Interpretive Summary:

Technical Abstract: The poultry industry has been at the forefront of developing recombinant viral vectored vaccines in an attempt to improve the immune response to vaccination. With AIV, the hemagglutinin surface glycoprotein is the key antigen for protection against infection. This allows a single gene to be transferred to viral vectors that allows protection for both viruses.
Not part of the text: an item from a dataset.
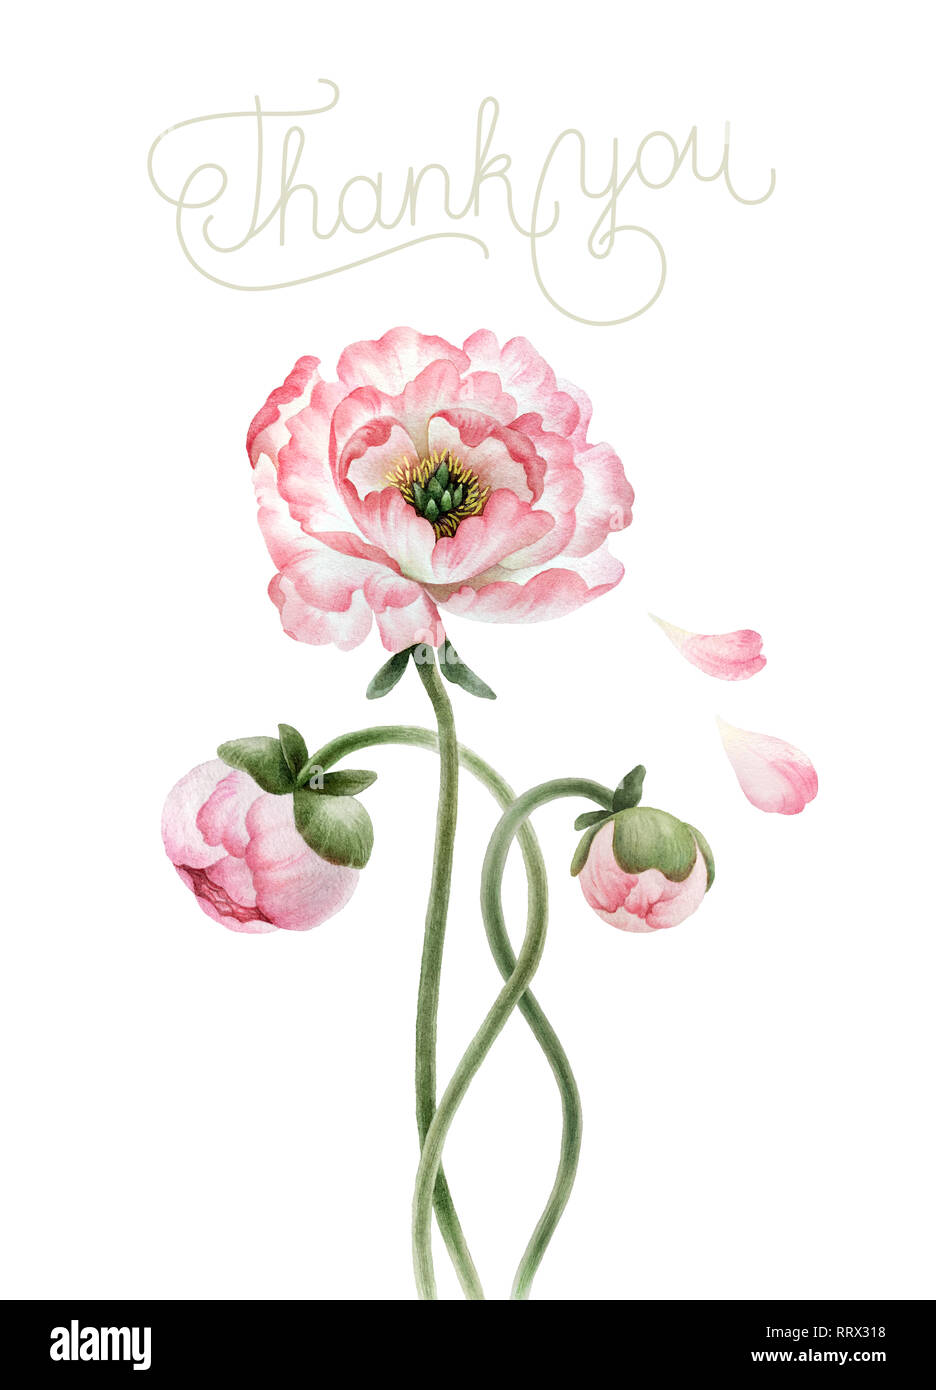 Bouquet of beautiful watercolor peonies and inscription isolated on white background. Botany watercolor peonies for design, postcards, banners, emblem Stock Photo

A key advantage for the viral vectored viruses is the vaccines are administered as live viruses that provide both cellular and humoral immunity, and allows greater flexibility in administration of the vaccine. The safety profile of recombinant vaccines are generally superior to traditional live attenuated vaccines. Two of the more commonly used vaccines, the fowlpox recombinant and the herpes virus of turkey vaccines are designed to be administered at a day of age in the hatchery, which is a timely and cost effective approach for vaccination. Newcastle disease virus is also available in several countries, and can be used by spray or water administration. The vaccines also suffer from issues of maternal immunity to the avian influenza part of the vaccine. Although the viral vectored vaccines have been shown to be good potential tools for the control of AIV, several factors have limited their effectiveness. The commercially available vectored vaccines are available with only a single hemagglutinin gene of one subtype, H5, severely limiting how widely the vaccines can be used. Although the insert in the viral vector can be quickly changed, regulatory rules require these updated vaccines be licensed as “new” vaccines, which greatly adds to the cost of development. In addition, because these are genetically modified organisms, additional restrictions are imposed that make this class of vaccine unavailable in some countries. Regulatory changes that allow for streamlined approval processes are needed to fully benefit from this class of vaccines.